If these packages had been set up using the configured_node failover policy, they would start initially as in Figure 3-7 “Rotating Standby Configuration before Failover”, but the failure of node 2 would cause the package to start on node 3, as in Figure 3-9 “CONFIGURED_NODE Policy Packages after Failover”:

Figure 3-9 CONFIGURED_NODE Policy Packages after Failover

If you use configured_node as the failover policy, the package will start up on the highest priority node in the node list, assuming that the node is running as a member of the cluster. When a failover occurs, the package will move to the next highest priority node in the list that is available.

Failback Policy

The use of the failback_policy parameter allows you to decide whether a package will return to its primary node if the primary node becomes available and the package is not currently running on the primary node. The configured primary node is the first node listed in the package’s node list.
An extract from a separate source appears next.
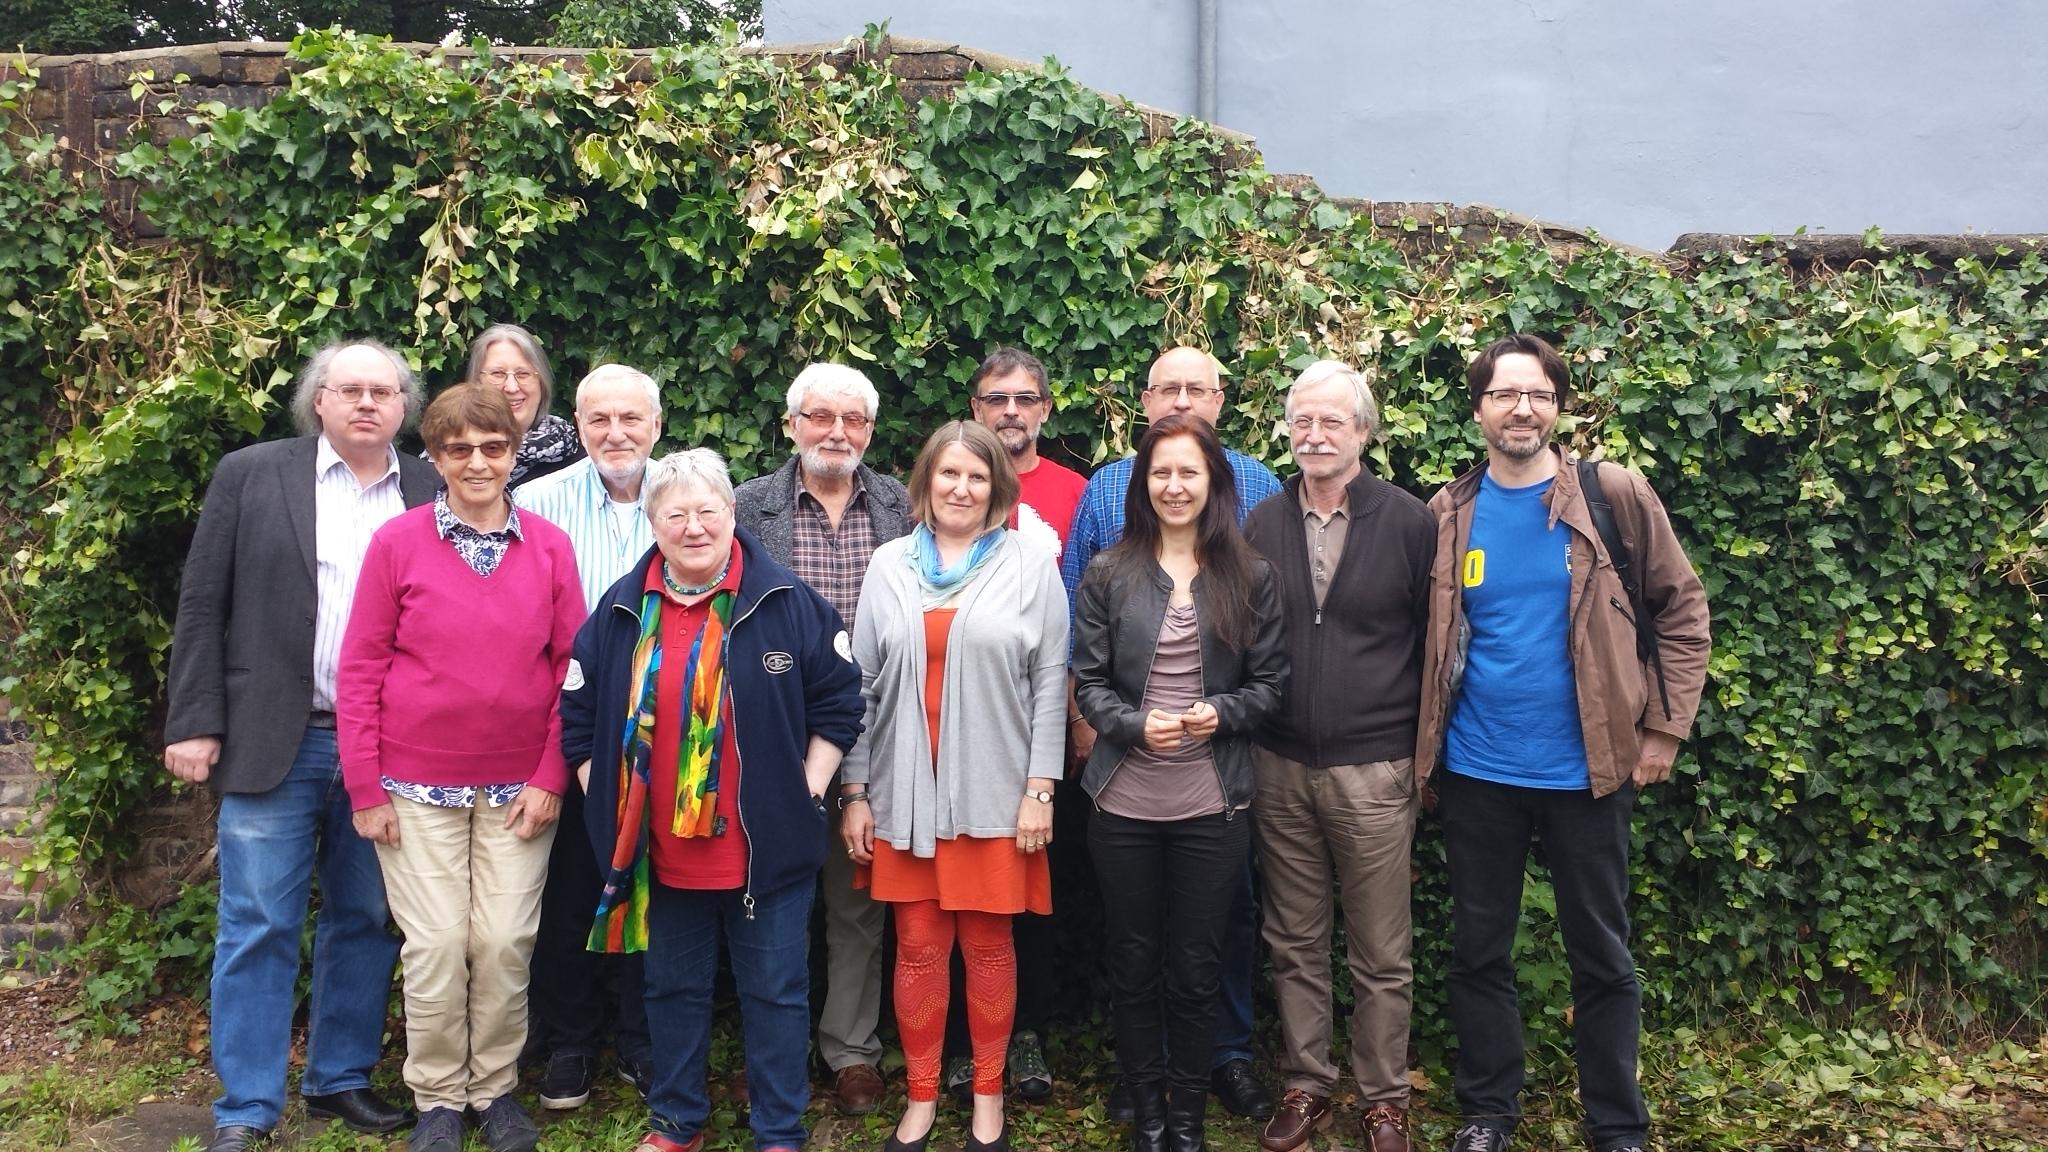 BI-Treffen am 18.6.2016 in Hamm Gegen Fracking

The two possible values for this policy are automatic and manual. The parameter is set in the package configuration file:

As an example, consider the following four-node configuration, in which failover_policy is set to configured_node and failback_policy is automatic:

Figure 3-10 Automatic Failback Configuration before Failover

Table 3-2 Node Lists in Sample Cluster

Package Name	`NODE_NAME` List	`FAILOVERPOLICY`	`FAILBACK POLICY`
pkgA	node1, node4	`CONFIGURED_NODE`	`AUTOMATIC`
pkgB	node2, node4	`CONFIGURED_NODE`	`AUTOMATIC`
pkgC	node3, node4	`CONFIGURED_NODE`	`AUTOMATIC`

Node1 panics, and after the cluster reforms, pkgA starts running on node4:

Figure 3-11 Automatic Failback Configuration After Failover

After rebooting, node 1 rejoins the cluster. At that point, pkgA will be automatically stopped on node 4 and restarted on node 1.

Figure 3-12 Automatic Failback Configuration After Restart of Node 1




	NOTE: Setting the `failback_policy` to `automatic` can result in a package failback and application outage during a critical production period. If you are using automatic failback, you may want to wait to add the package’s primary node back into the cluster until you can allow the package to be taken out of service temporarily while it switches back to the primary node.
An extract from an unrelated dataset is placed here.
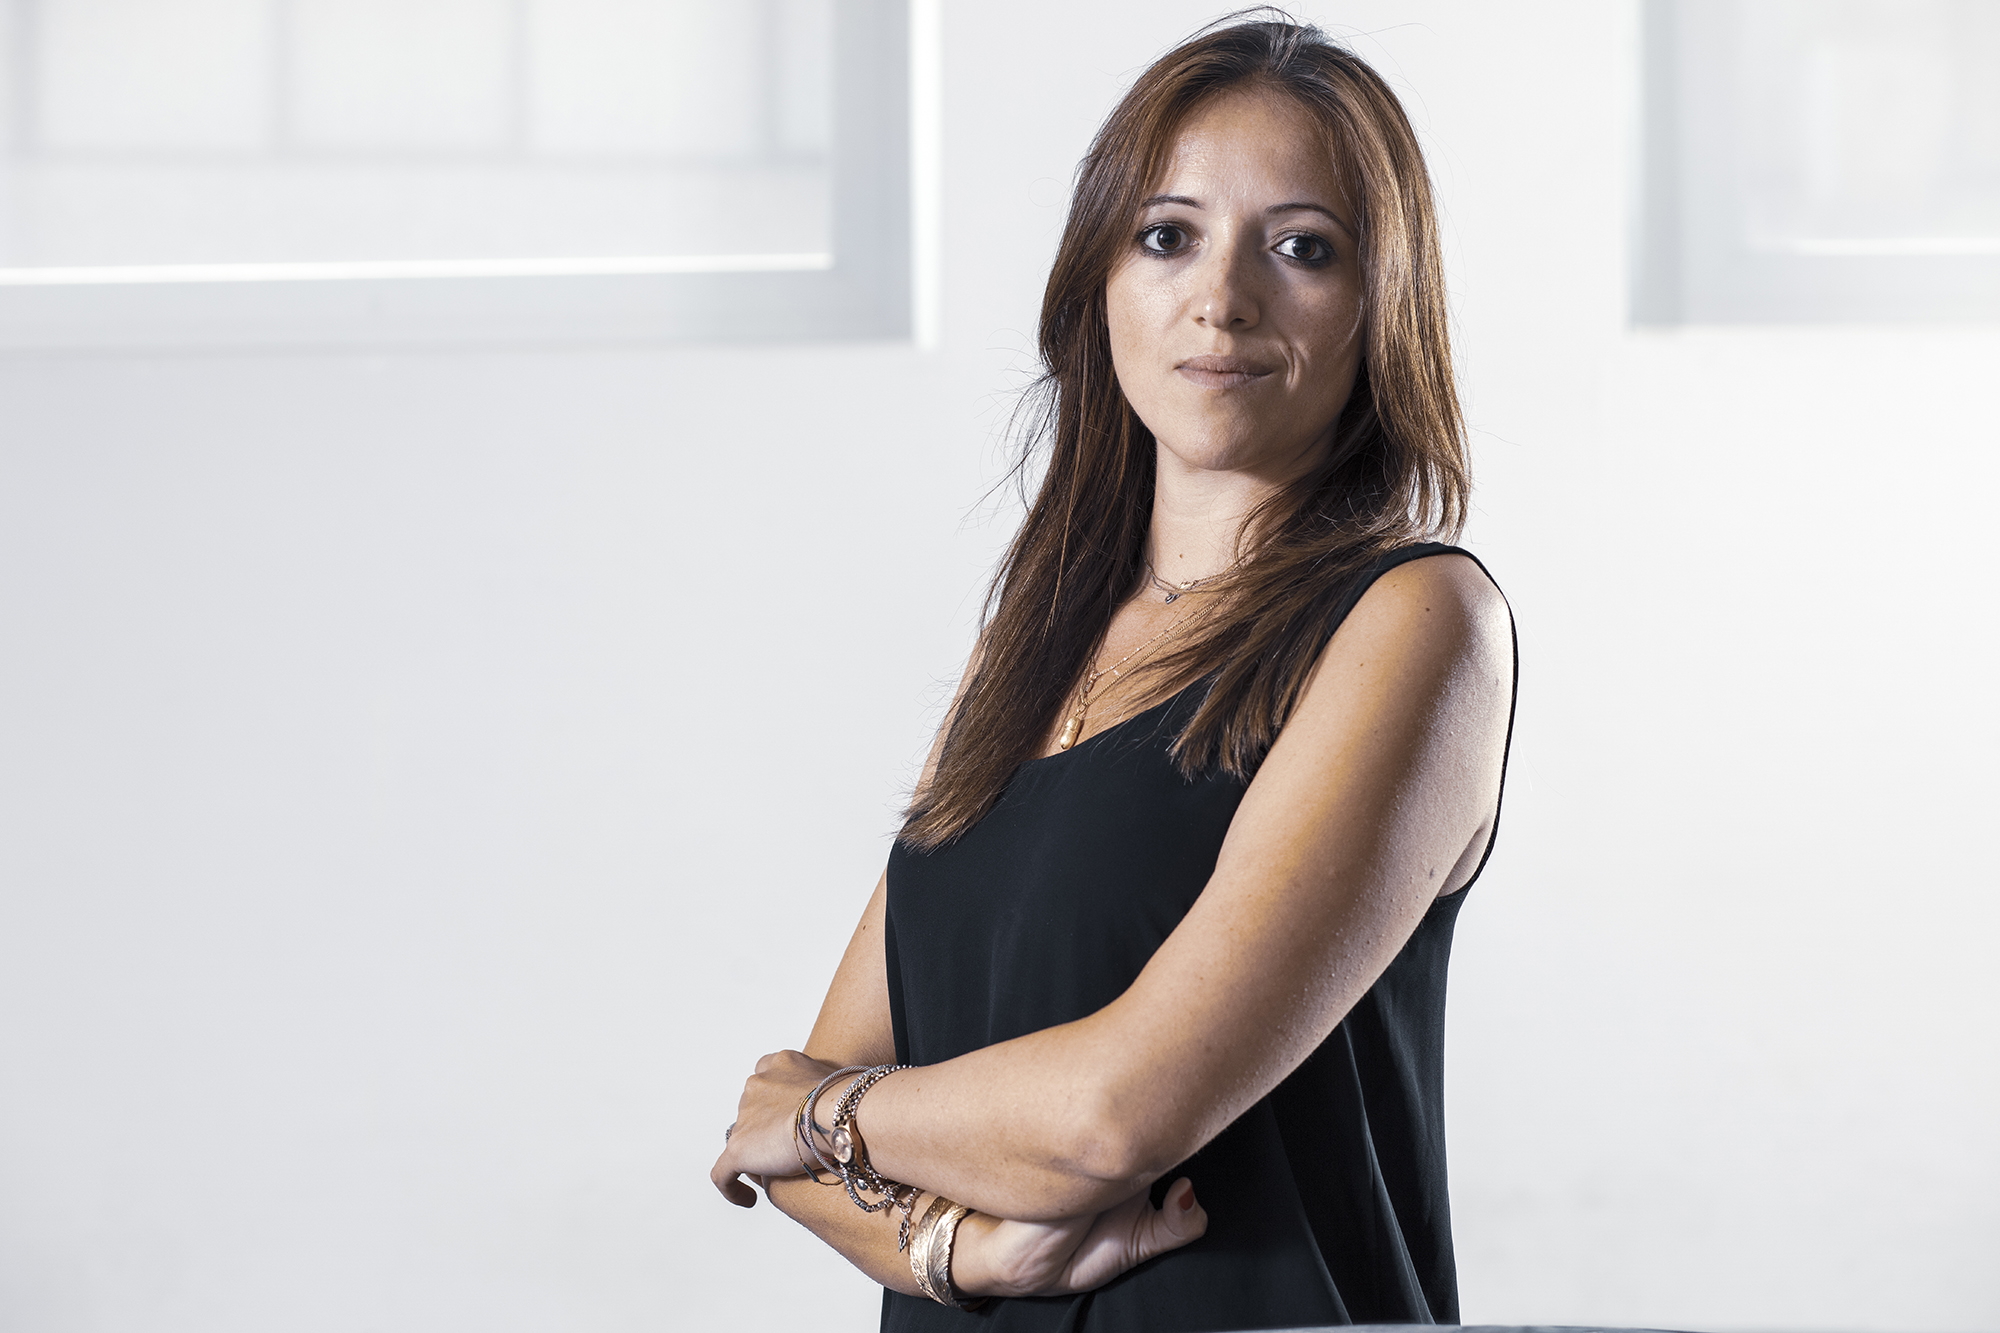 Annacarla Loperfido Organization Development Manager

Using Older Package Configuration Files

If you are using package configuration files that were generated using a previous version of Serviceguard, HP recommends you use the cmmakepkg command to open a new template, and then copy the parameter values into it. In the new template, read the descriptions and defaults of the choices that did not exist when the original configuration was made. For example, the default for failover_policy is now configured_node and the default for failback_policy is now manual.
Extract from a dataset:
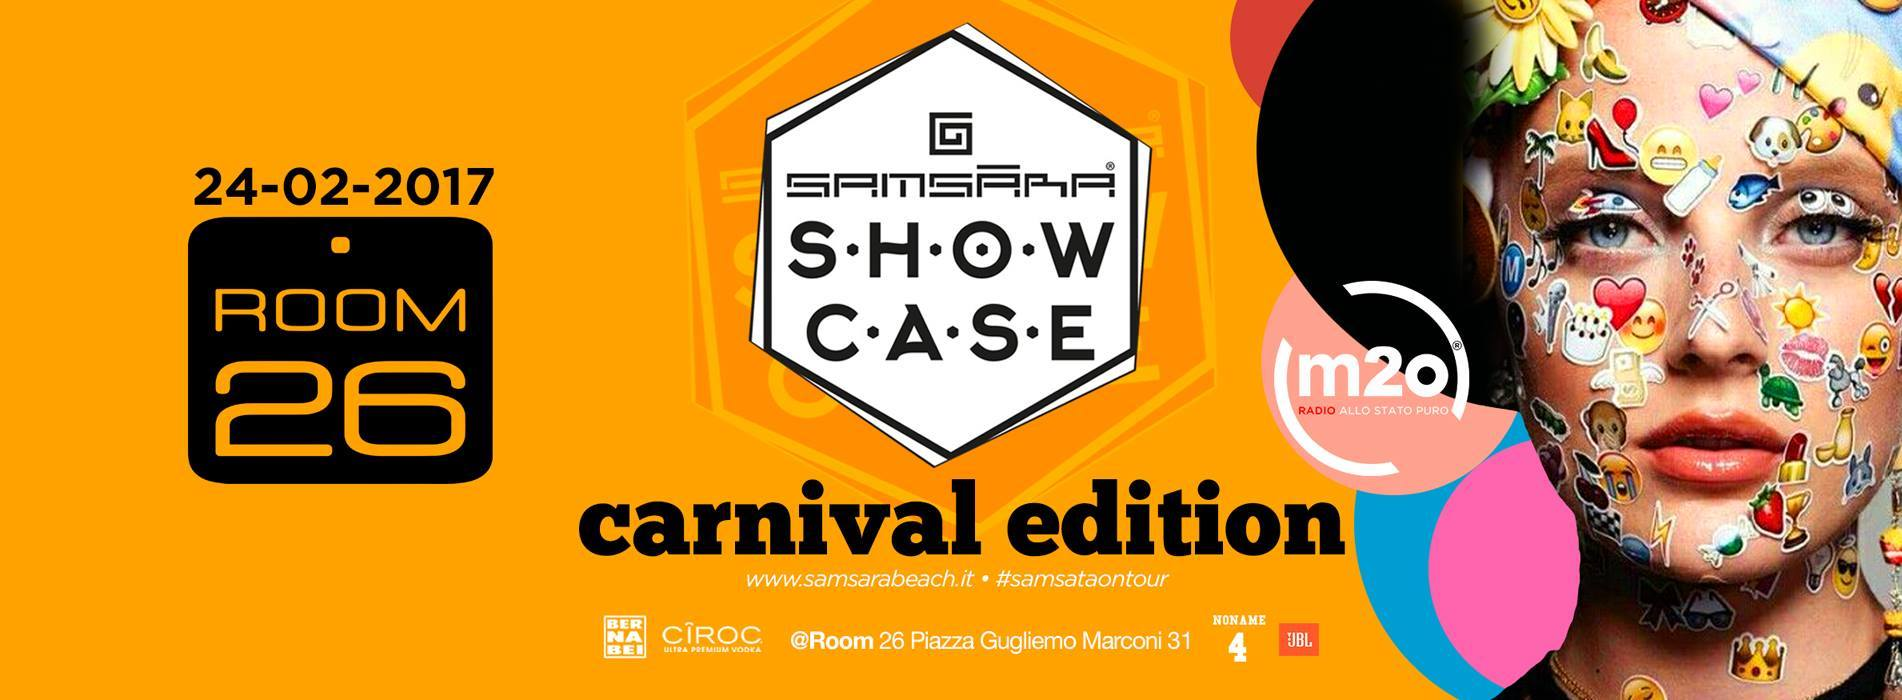 Samsara carnival edition Room 26 venerdì 24 febbraio discoteche Roma

For full details of the current parameters and their default values, see Chapter 6 “Configuring Packages and Their Services”, and the package configuration file template itself.

Using the Event Monitoring Service

Basic package resources include cluster nodes, LAN interfaces, and services, which are the individual processes within an application. All of these are monitored by Serviceguard directly. In addition, you can use the Event Monitoring Service registry through which add-on monitors can be configured. This registry allows other software components to supply monitoring of their resources for Serviceguard. Monitors currently supplied with other software products include EMS (Event Monitoring Service) High Availability Monitors, and an ATM monitor.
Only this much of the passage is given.